• **TRY IT**:
The answer must consist solely of the lines from the one containing "Оборудование для фитнес-клуба, тренажеры" through the last line of the records, set down exactly and without any pictures.

(Stored data)

-------

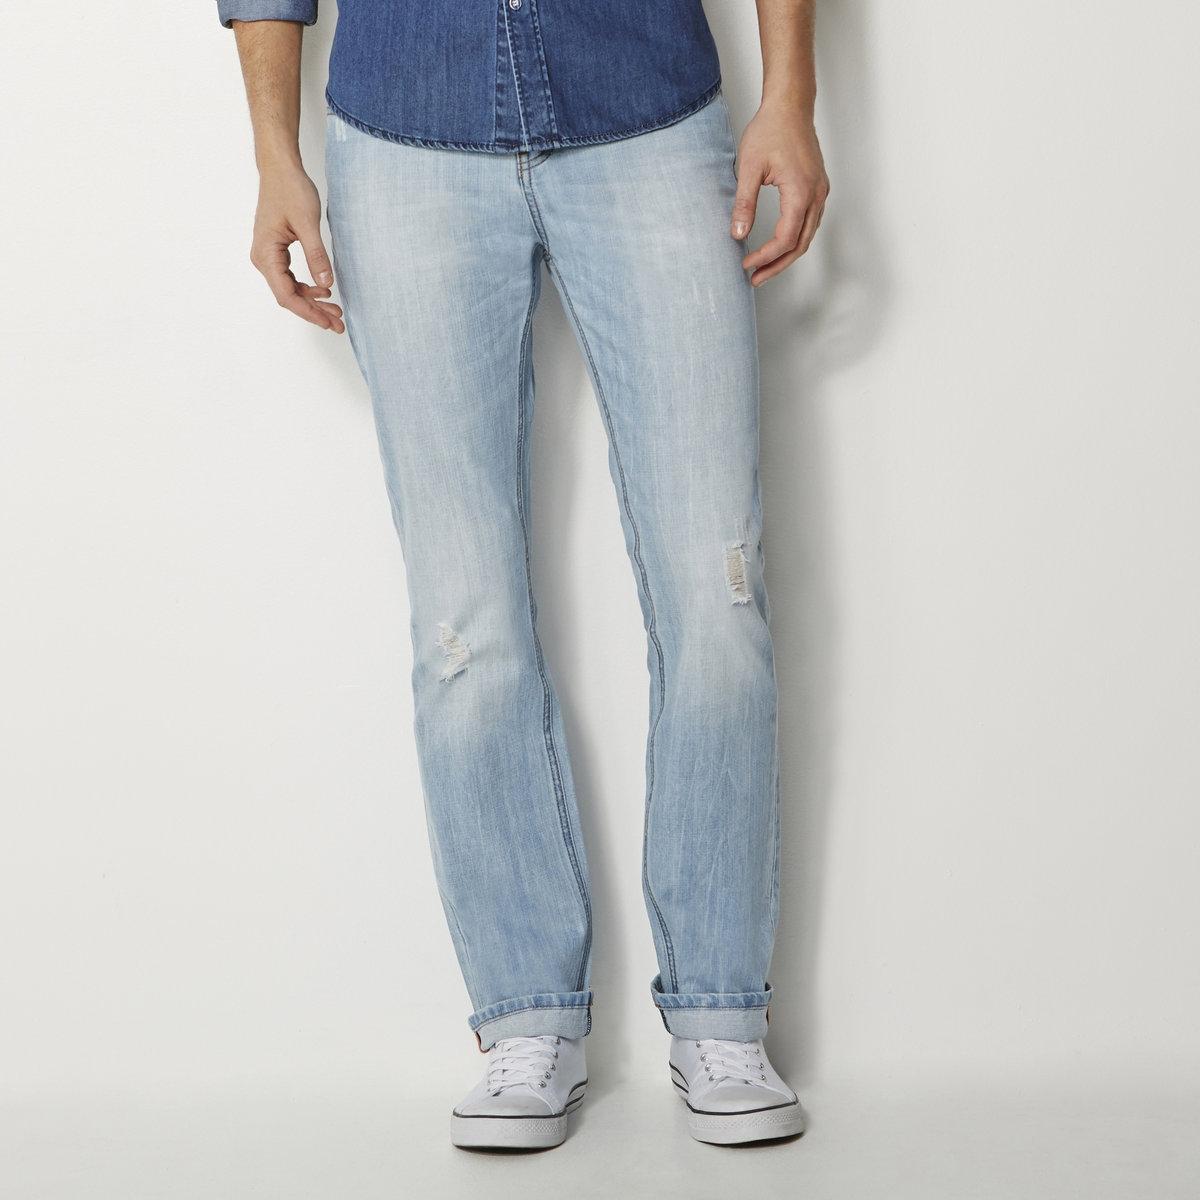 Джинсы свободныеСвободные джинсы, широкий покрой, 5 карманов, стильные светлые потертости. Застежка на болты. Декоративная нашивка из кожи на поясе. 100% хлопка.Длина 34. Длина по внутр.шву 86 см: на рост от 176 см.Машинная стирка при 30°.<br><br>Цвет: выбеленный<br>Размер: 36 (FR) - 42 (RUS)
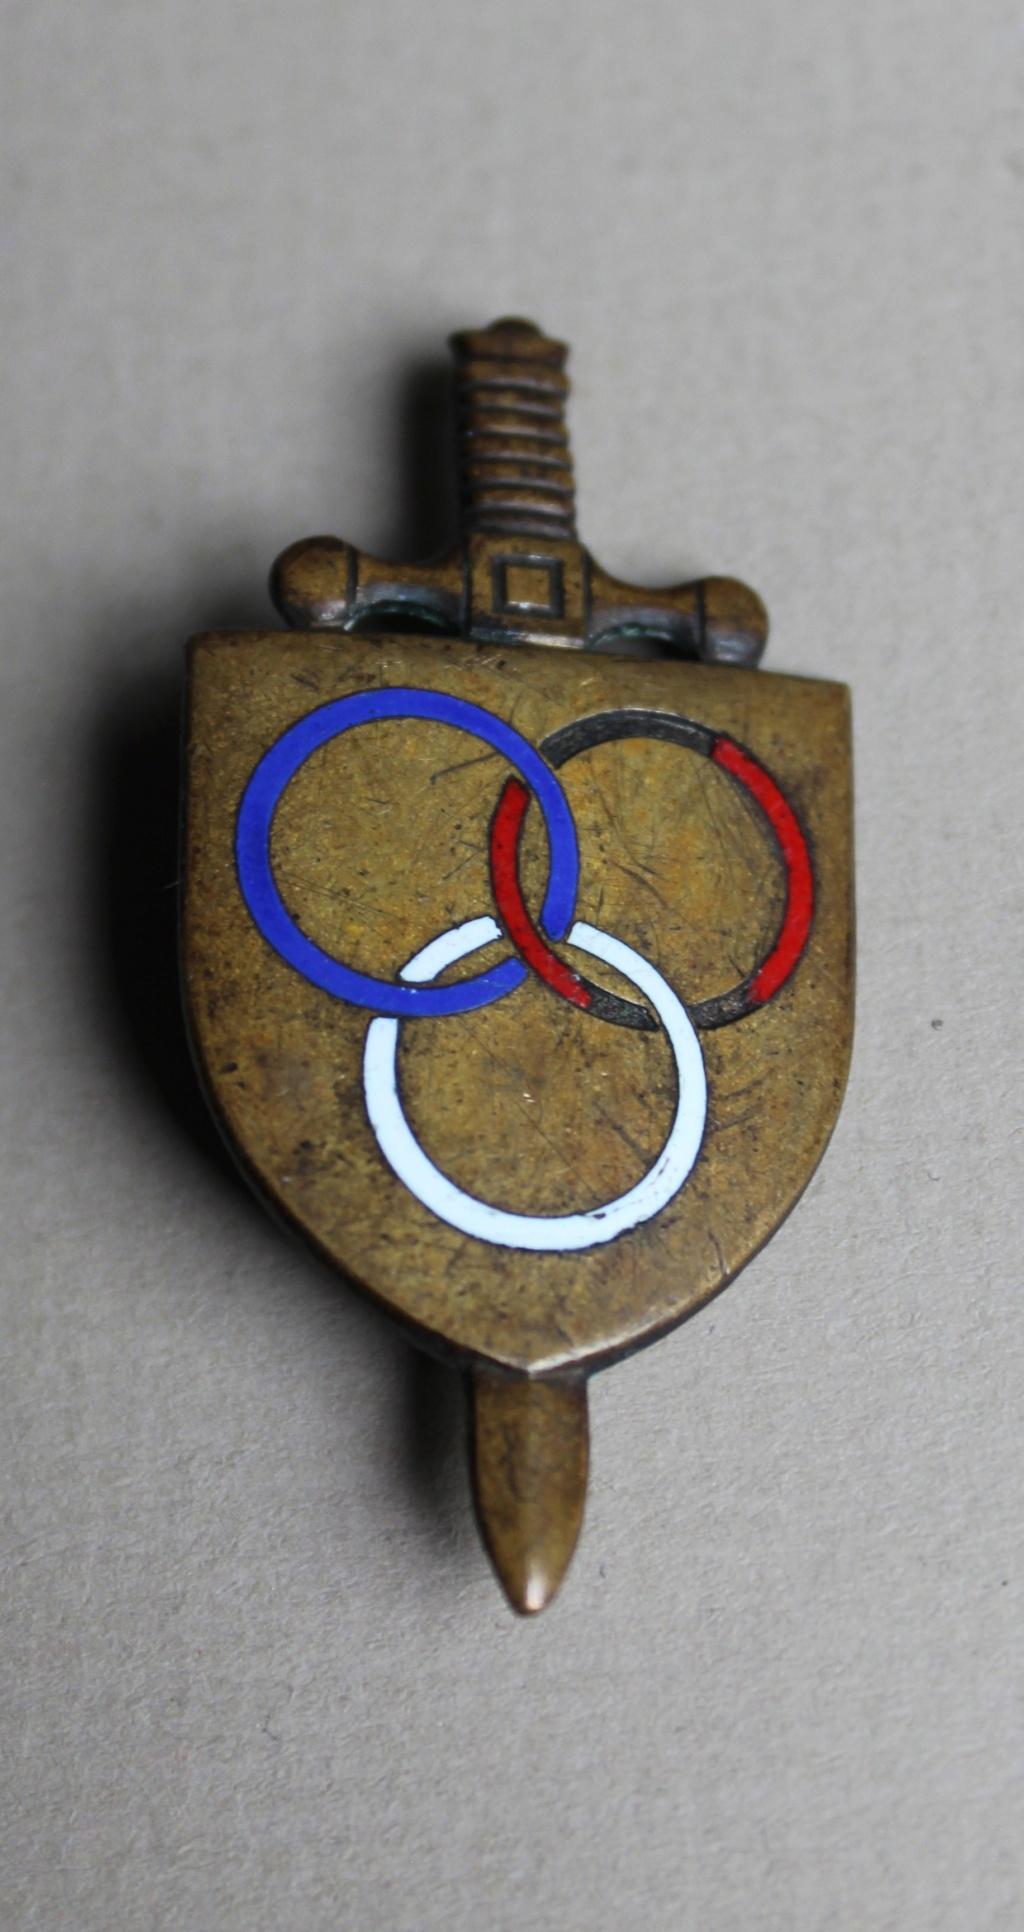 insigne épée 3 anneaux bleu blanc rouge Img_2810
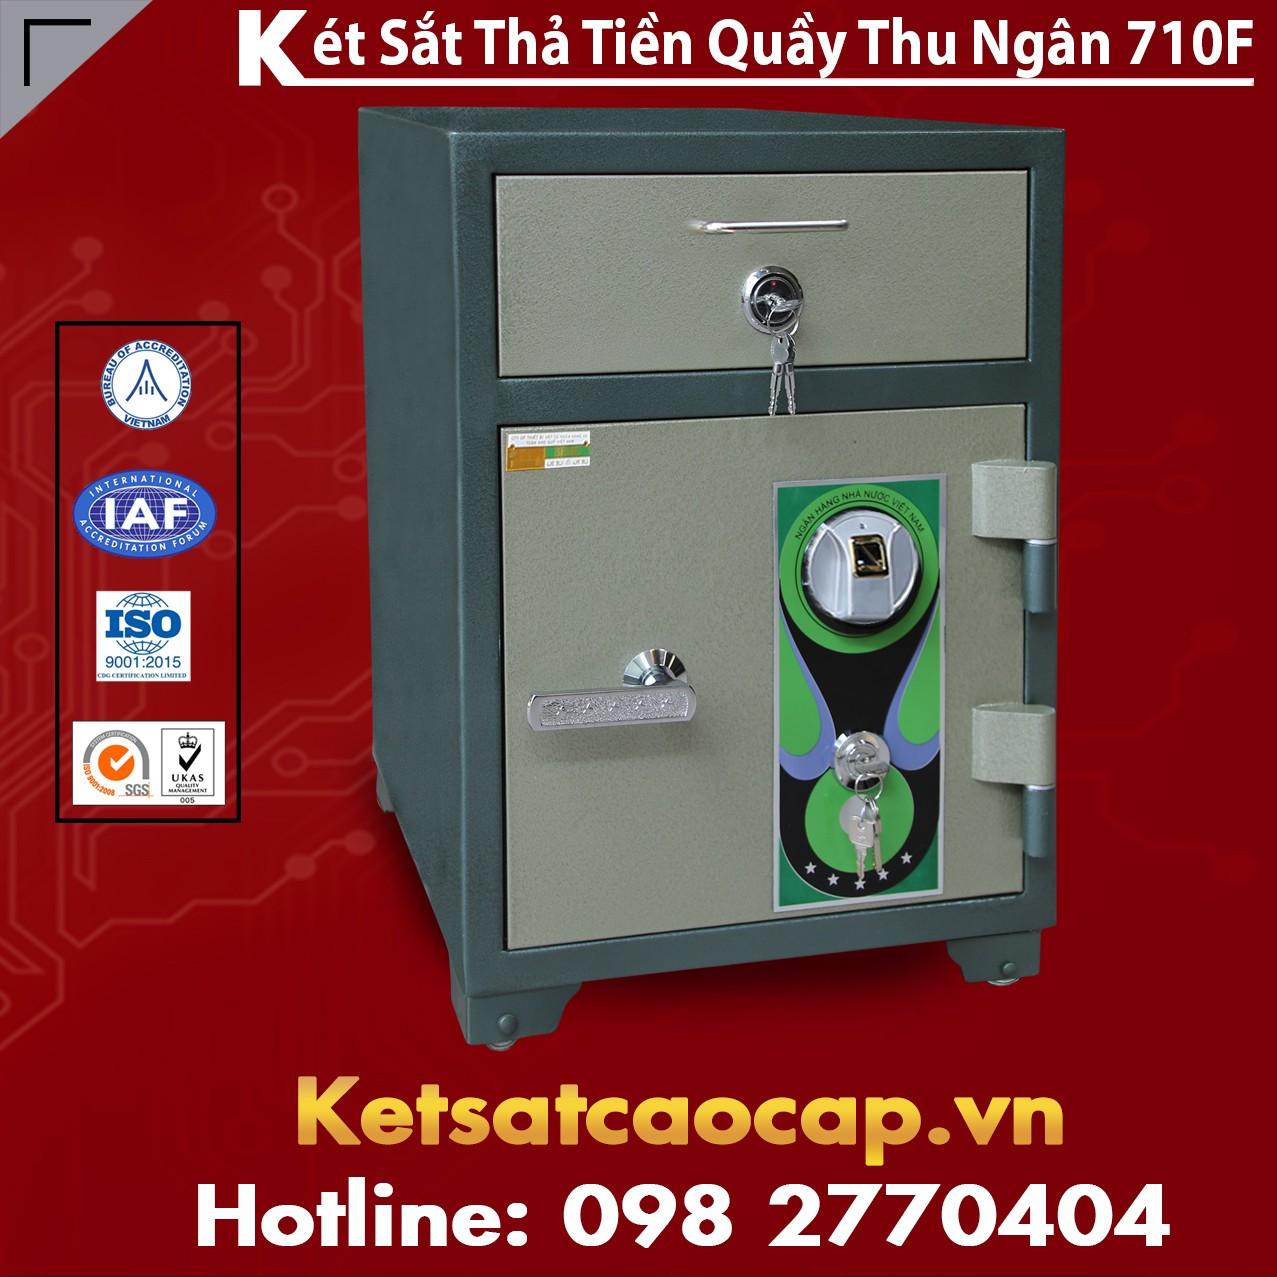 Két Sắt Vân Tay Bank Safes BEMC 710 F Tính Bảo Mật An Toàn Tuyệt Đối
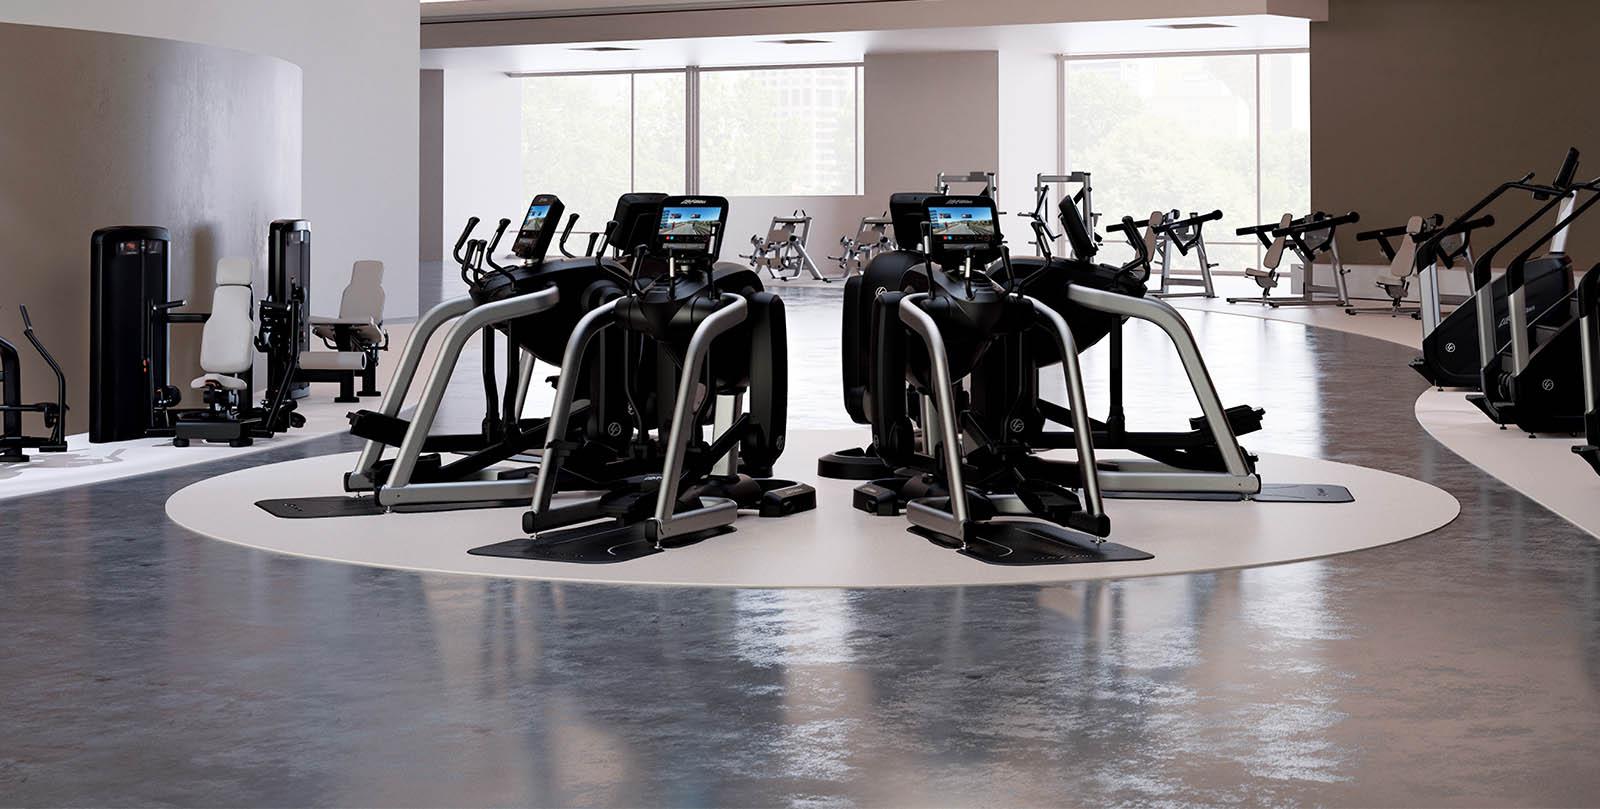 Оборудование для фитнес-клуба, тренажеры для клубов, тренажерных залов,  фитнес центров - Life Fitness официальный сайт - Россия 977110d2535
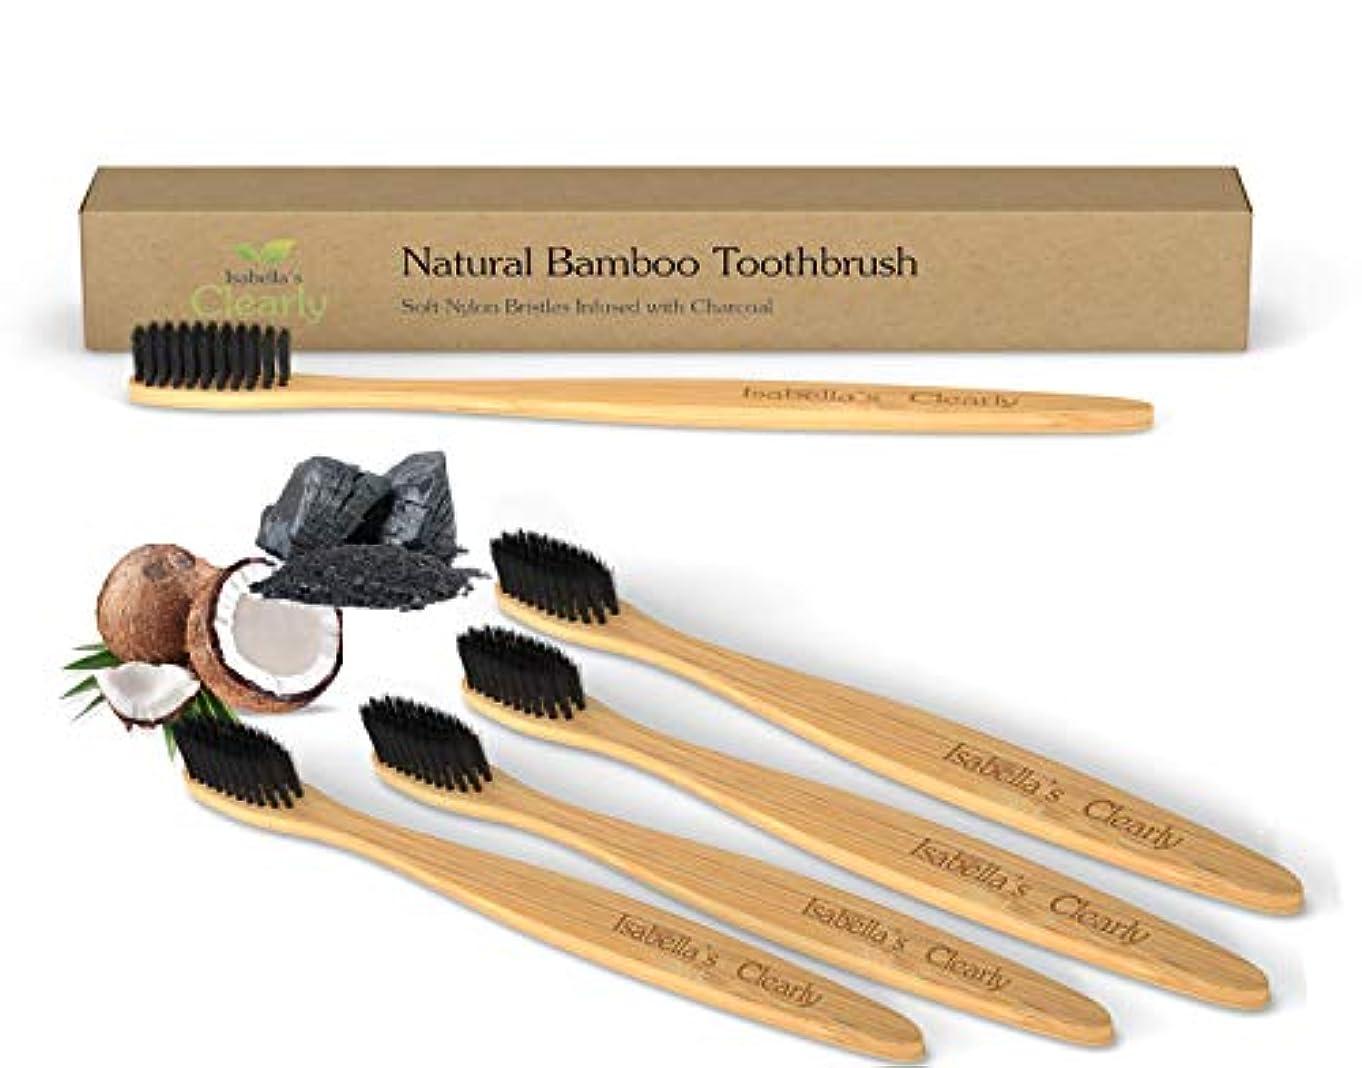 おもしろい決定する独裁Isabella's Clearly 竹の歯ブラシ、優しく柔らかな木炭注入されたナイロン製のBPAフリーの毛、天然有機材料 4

-------

• **OUTPUT BELOW**:
 Оборудование для фитнес-клуба, тренажеры для клубов, тренажерных залов,  фитнес центров - Life Fitness официальный сайт - Россия 977110d2535
 おもしろい決定する独裁Isabella's Clearly 竹の歯ブラシ、優しく柔らかな木炭注入されたナイロン製のBPAフリーの毛、天然有機材料 4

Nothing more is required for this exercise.